Конечно, спал, покуда веки справлялись с атаками света, покуда судорожный отказ ушей что-либо слышать мог выдерживать и отвергать оглушительное грохотание Пины — гром голоса и гром кастрюль, ее болтовню с кастеляншей, блеяние колокольчика у входной двери, ржание телефонов — и все это прямо перед моей дверью; покуда угрюмая решимость спать, невзирая ни на что, не уступала под натиском света и ума. Но вот он наконец сдается, не выдерживая больше явно демонстративного шумного сборища под его дверью, сопротивление бесполезно, и вот они уже врываются оттуда, снаружи, прочь все завесы; но откуда же взялись эти легкие угрызения совести у меня в душе, от которых мгновенно испаряется праведный гнев по дороге в душ, куда ты шлепаешь босыми ногами, застигнутый на месте преступления, в котором сам себе должен признаться как безвольная, встрепанная личность, бредущая по коридору в душном облаке запаха постели и уже не способная более отпираться — бредущая навстречу стоящим в ожидании женщинам, которые с подчеркнуто лучезарной улыбкой говорят тебе «Доброе утро!», нисколько не скрывая, впрочем, озаряющего эту лучезарность злорадного любопытства? Ведь мой сон принадлежит только мне. И тем не менее претензии ко мне остаются: я знаю, что за проявлением участия тщательно скрыто подозрение, что сейчас там, за двойной защитой, под прикрытием двери в душ и шума воды, идет обмен двусмысленными намеками.
Но, выйдя из душа, причесавшись и приведя себя в порядок, человек защищен уже значительно лучше, и он поскорее забирается обратно в свою комнату, обещая себе ни больше ни меньше как расстаться с нею поскорее.

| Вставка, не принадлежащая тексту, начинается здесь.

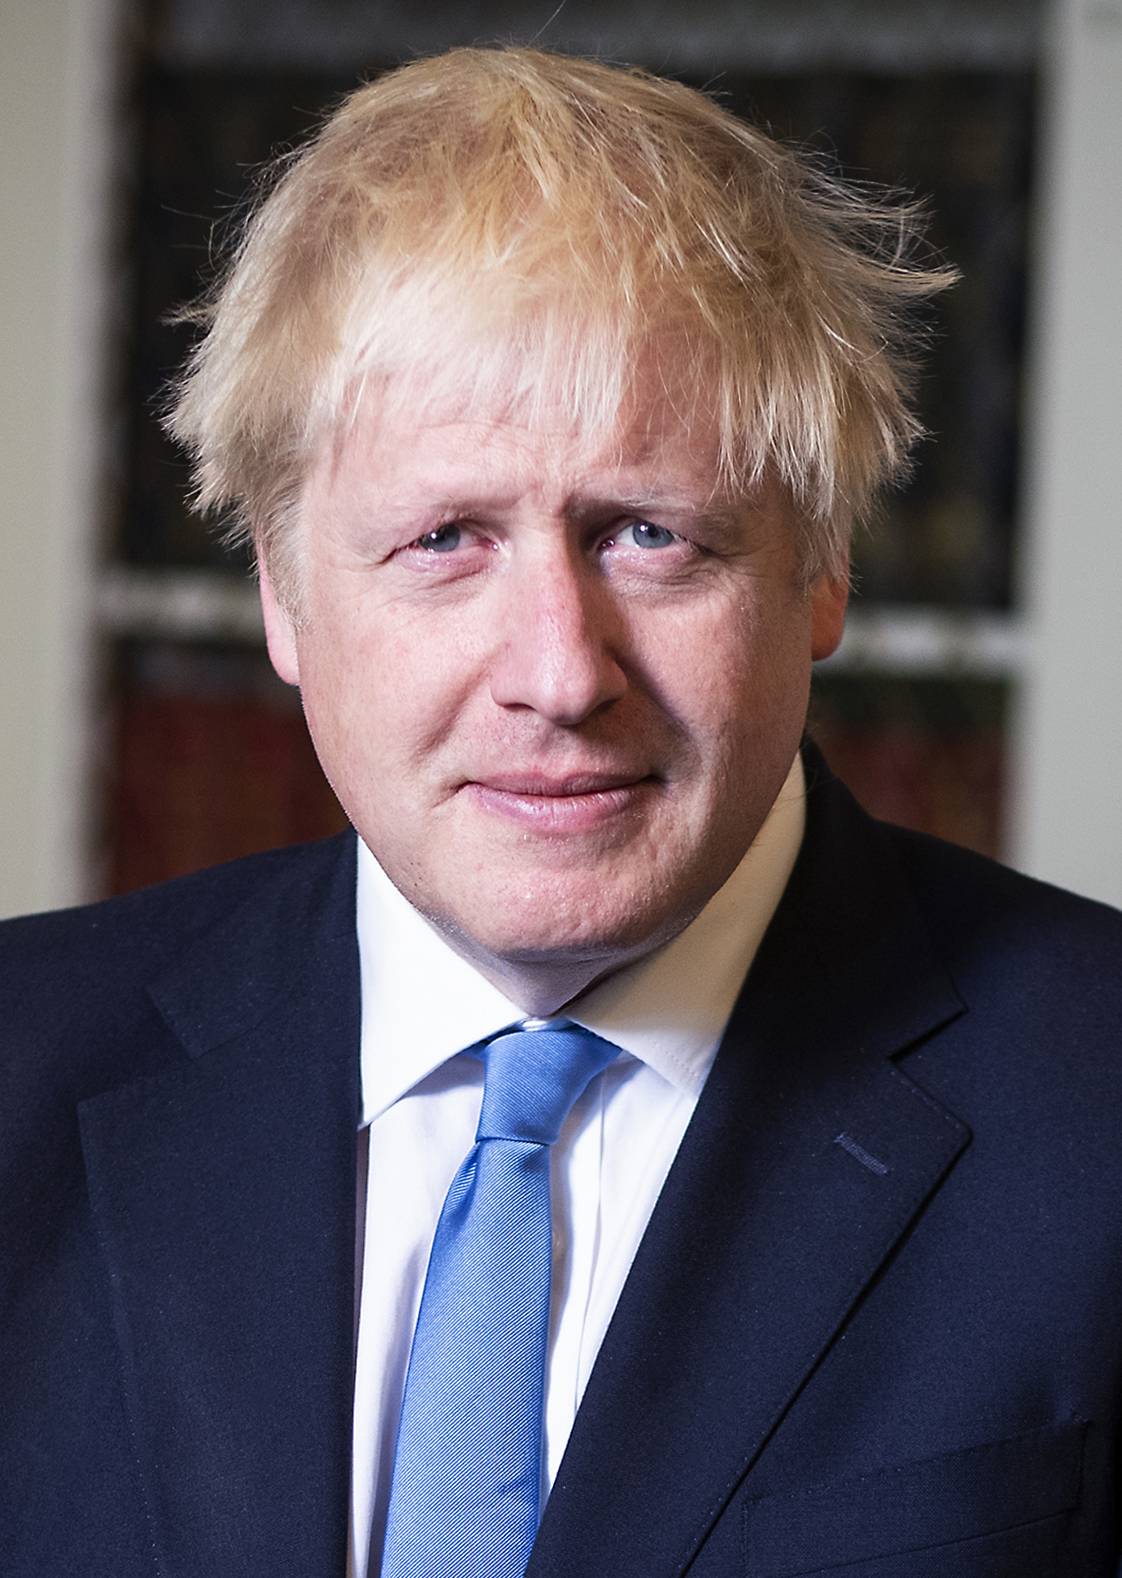 Boris Johnson: भारत की पहली यात्रा पर आज गुजरात आएंगे ब्रिटेन के प्रधानमंत्री बोरिस जॉन्सन

Навстречу пока еще не ускользнувшему дню мчится он, скача вниз по пустынной лестнице дома, где живут стипендиаты, — и вот он уже в парке, который, как всегда, превосходит любые ожидания. Садовник, добродушный, загорелый, маленького роста человек, работает граблями или же занимается подрезкой веток где-то в гуще кустов. Солнце дробится на части, падая между шеями пальм, выставляет напоказ ослепительные песчаные дорожки, с которых уже убраны все иголки. Солнце дает полюбоваться азалиями и камелиями, кактусами и персиковыми деревьями; на листьях и цветах — летучий глянец; и шершавая сухость герм, амурчиков, каменных плит и постаментов. День, полный густой синевы, простирающийся далеко над опахалами пальм, день, который возвращается назад во всей своей городской белизне; новый день, который существует во всем своем изобилии.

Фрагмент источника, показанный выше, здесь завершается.